#### [WHAT TO PRODUCE]
From the entries below, print exactly the span beginning with the line holding "discount 77% KIDS" and ending with the line holding "Luftaufnahme von Vietnam", endpoints included, and skip any pictures.

*** Opening EXERCISE DATA ***

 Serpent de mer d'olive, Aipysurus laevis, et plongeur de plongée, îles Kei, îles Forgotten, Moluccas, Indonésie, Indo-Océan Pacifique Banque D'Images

*** Closing EXERCISE DATA ***
*** Opening EXERCISE DATA ***

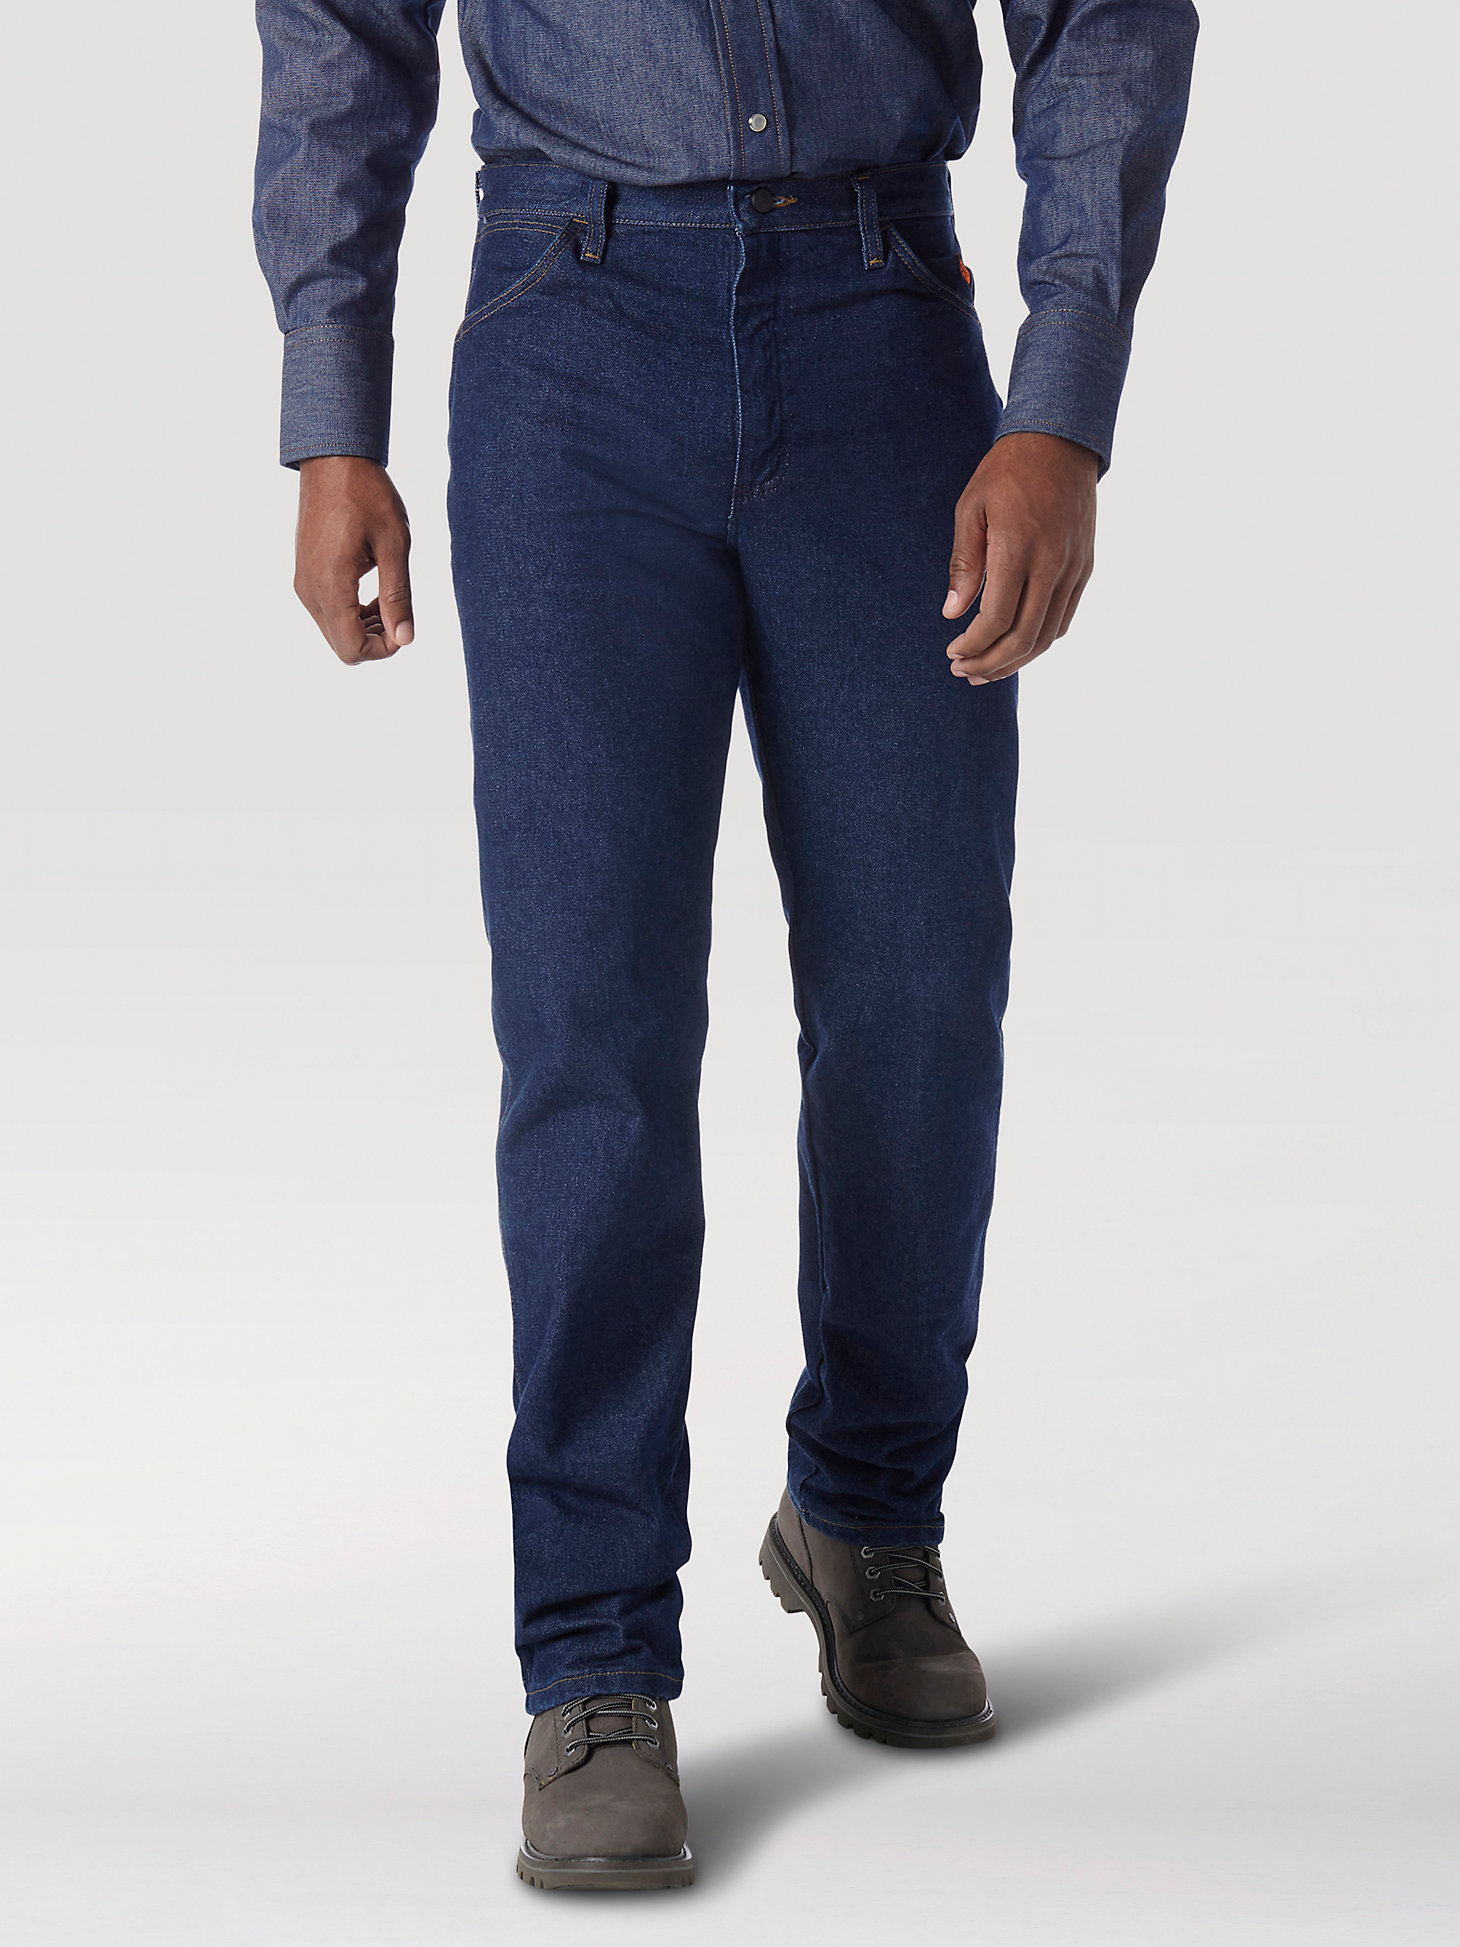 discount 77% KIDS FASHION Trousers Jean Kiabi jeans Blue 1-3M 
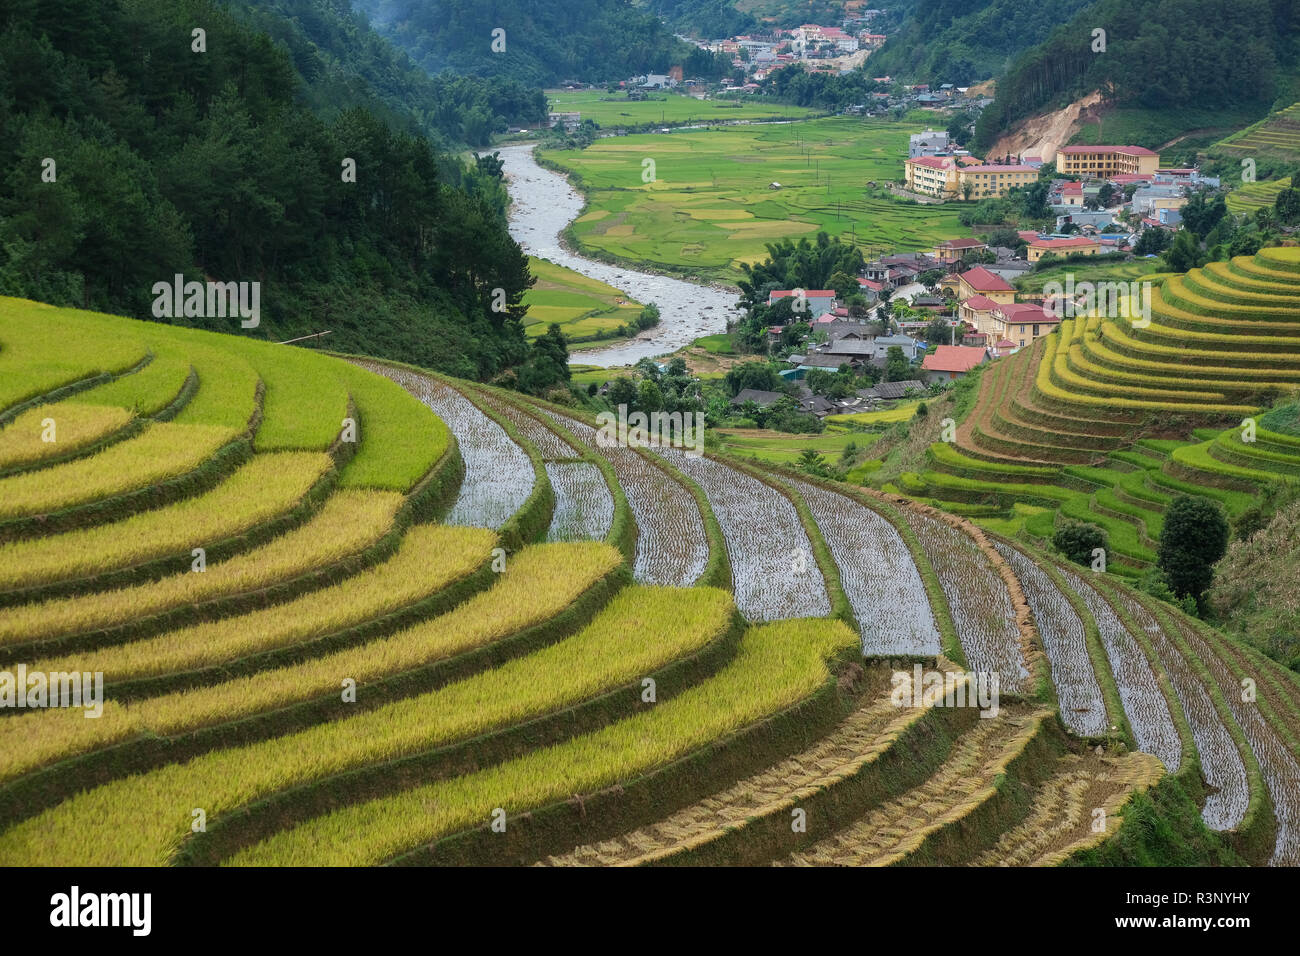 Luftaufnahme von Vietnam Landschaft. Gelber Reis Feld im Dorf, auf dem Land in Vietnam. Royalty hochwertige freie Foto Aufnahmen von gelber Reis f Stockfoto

*** Closing EXERCISE DATA ***

#### [ANSWER AREA]
 discount 77% KIDS FASHION Trousers Jean Kiabi jeans Blue 1-3M 
 Luftaufnahme von Vietnam Landschaft. Gelber Reis Feld im Dorf, auf dem Land in Vietnam. Royalty hochwertige freie Foto Aufnahmen von gelber Reis f Stockfoto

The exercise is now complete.